L’Internal Displacement Monitoring Centre (Centro di monitoraggio per gli sfollamenti interni) afferma che all’interno del paese vi siano circa 2,5 milioni di sfollati per vari motivi, tra cui quelli sopra descritti. Tuttavia, in questo caso i disastri naturali e il cambiamento climatico sono considerati tra i principali stimoli a migrare. Anche altre improvvise e gravi circostanze, come la pandemia di COVID-19, hanno provocato sfollamenti forzati in India, dove il famoso caso dei lavoratori migranti sfollati e bloccati in massa attirò a suo tempo l’attenzione del mondo intero.

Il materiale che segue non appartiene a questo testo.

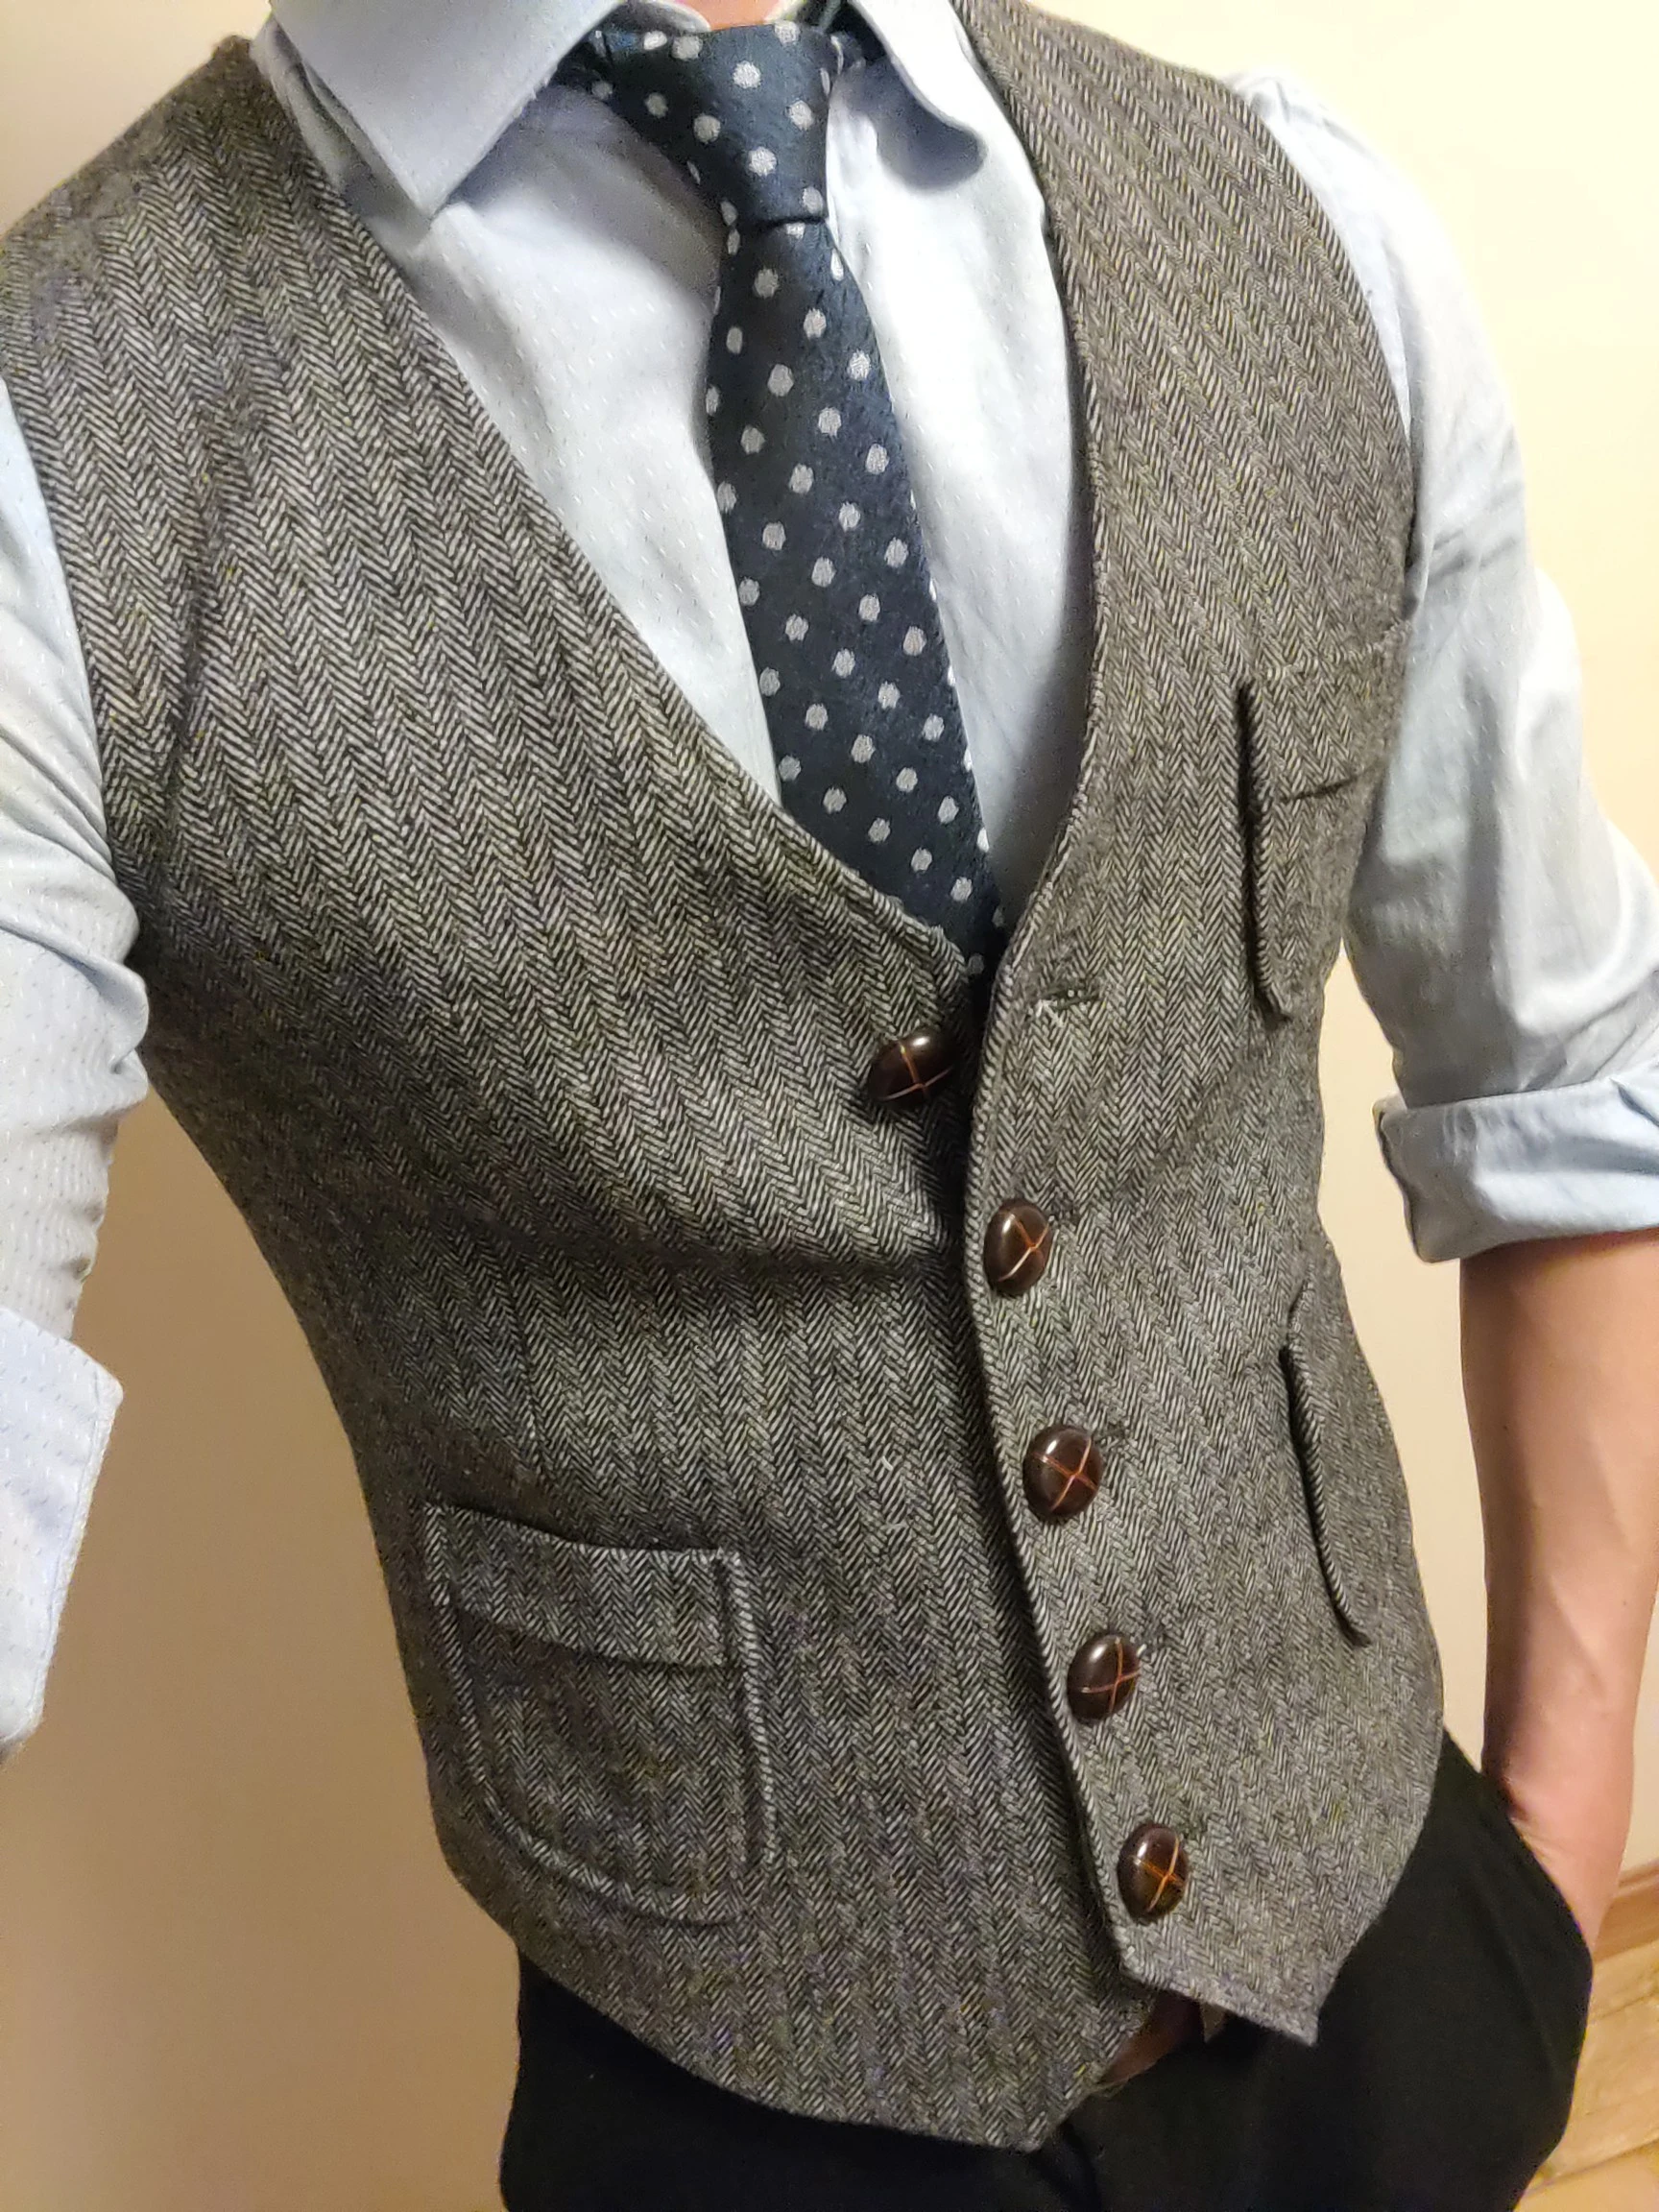 Men's Formal Suit Vest V-Neck Tweed Herringbone Waistcoat Business Dress Suit Vests for Wedding

Gli sfollati interni sono generalmente considerati degli “outsider problematici” e le comunità migranti restano marginalizzate all’interno del proprio paese. Una nazione democratica, multiculturale e multilinguistica come l’India ospita una popolazione molto diversificata. Pertanto, è evidente che i migranti si trovano ad affrontare molteplici sfide quando lasciano il loro stato d’origine per un altro, molto differente. Questi problemi possono derivare semplicemente da questioni di gerarchia socioeconomica oppure di gerarchia sociale, religiosa e culturale, a seconda di quale sia la comunità maggioritaria e minoritaria, il che incide sulle loro possibilità di procurarsi un lavoro migliore e stabile, strutture abitative e forme di sicurezza sociale.
La situazione richiede che l’India affronti la sfida posta dalle migrazioni interne derivanti dai cambiamenti climatici e la consideri una questione cruciale, che reclama un’attenzione urgente.
Prima dovrebbero essere identificate le cause di vulnerabilità e le insicurezze sociali ed economiche affrontate dai migranti marginalizzati. Poi dovrebbe essere avviata la formazione per l’uguaglianza di genere e la consapevolezza sociale, incoraggiando lo sviluppo delle capacità attraverso il coinvolgimento delle comunità e l’attuazione di politiche inclusive. Questi primi passi potrebbero facilitare e rafforzare la posizione del nostro paese sulla gestione della migrazione forzata interna dovuta al cambiamento climatico, garantendo al contempo una transizione graduale all’interno del paese stesso.